BEGIN

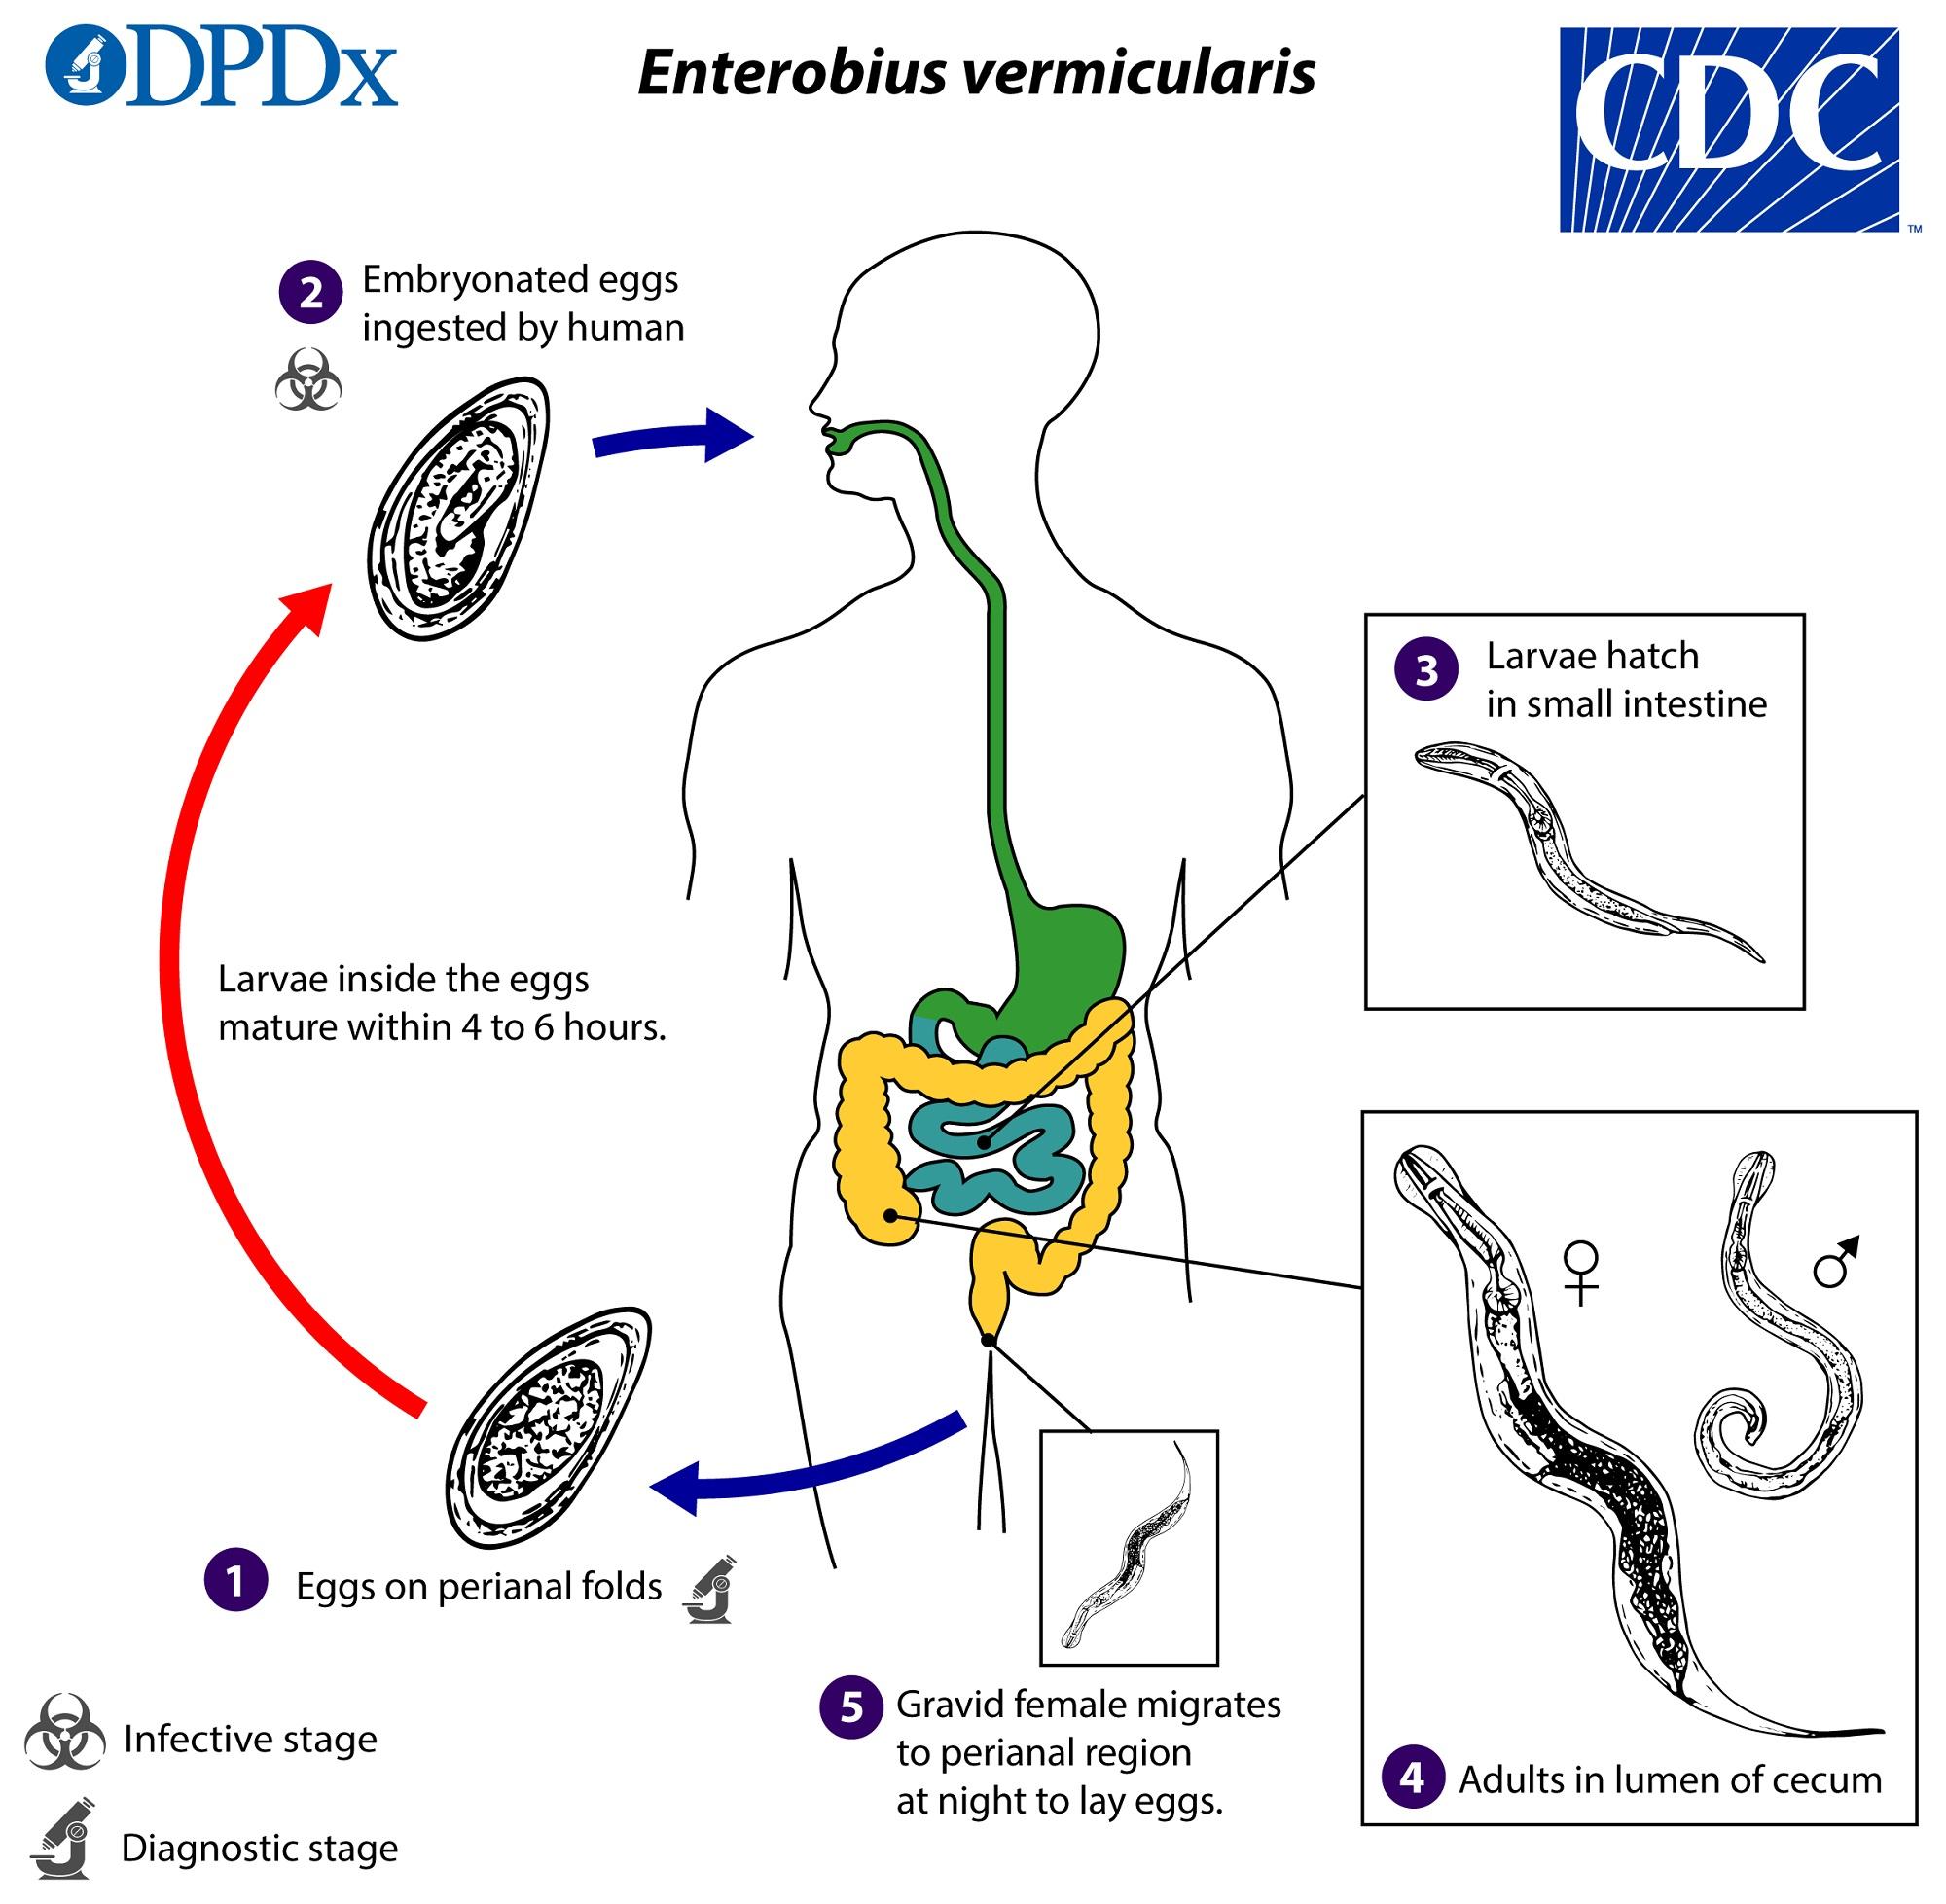 enterobius vermicularis jelzett hpv vírus pap 3
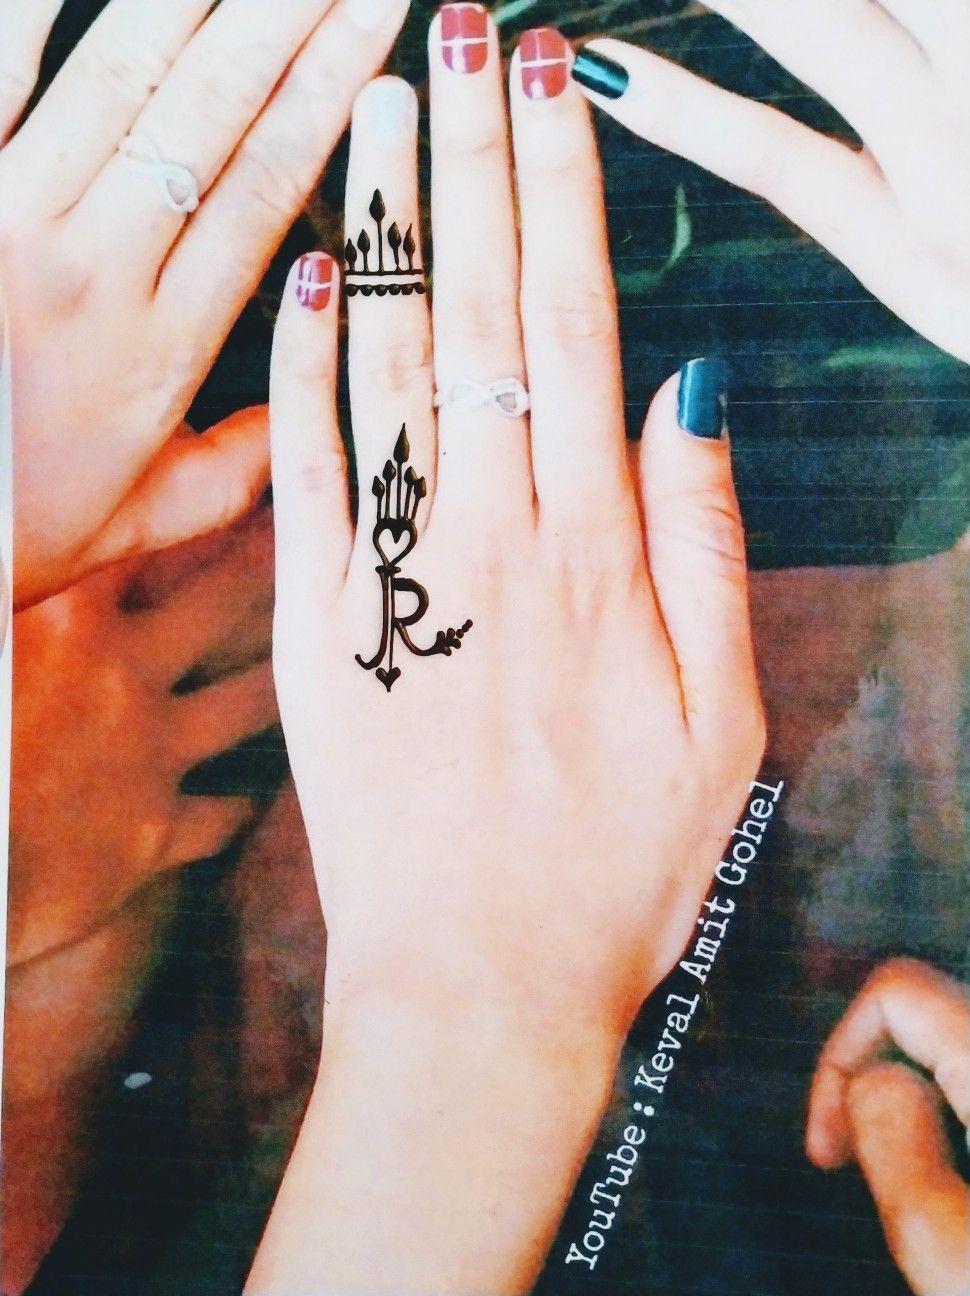 R Letter Mehndi Tattoo Design Mehndi Designs For Fingers Mehndi Designs For Girls Mehndi Art Designs
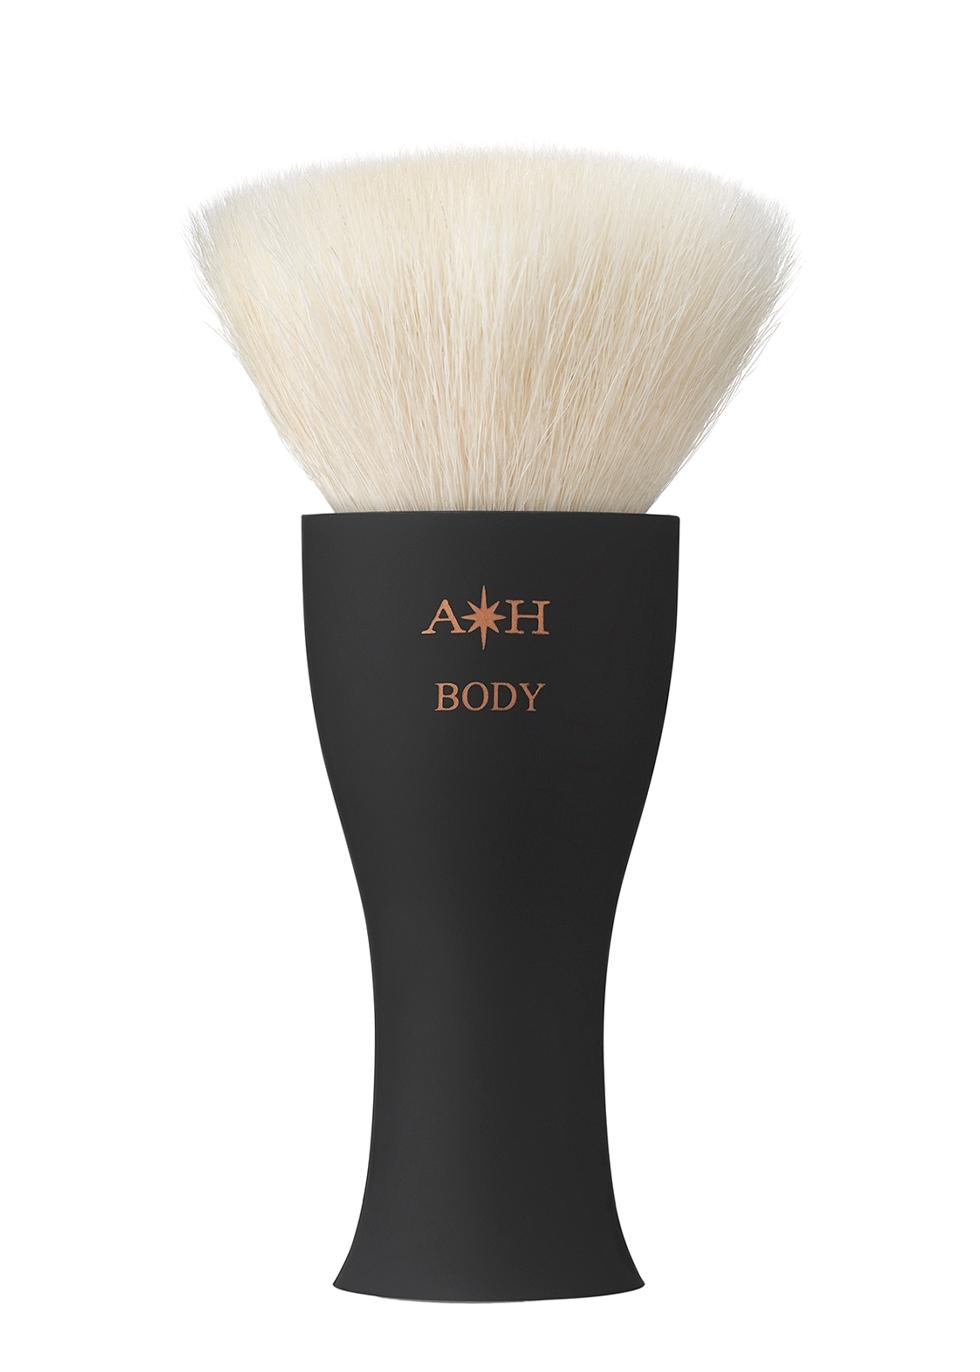 The Small Body Brush

END

● **Instructions to follow**
No pictures should appear in the copy. Print exactly the lines above from the line containing "R Letter Mehndi" through the last line of the data.

● **Answer to this problem**
 R Letter Mehndi Tattoo Design Mehndi Designs For Fingers Mehndi Designs For Girls Mehndi Art Designs
 The Small Body Brush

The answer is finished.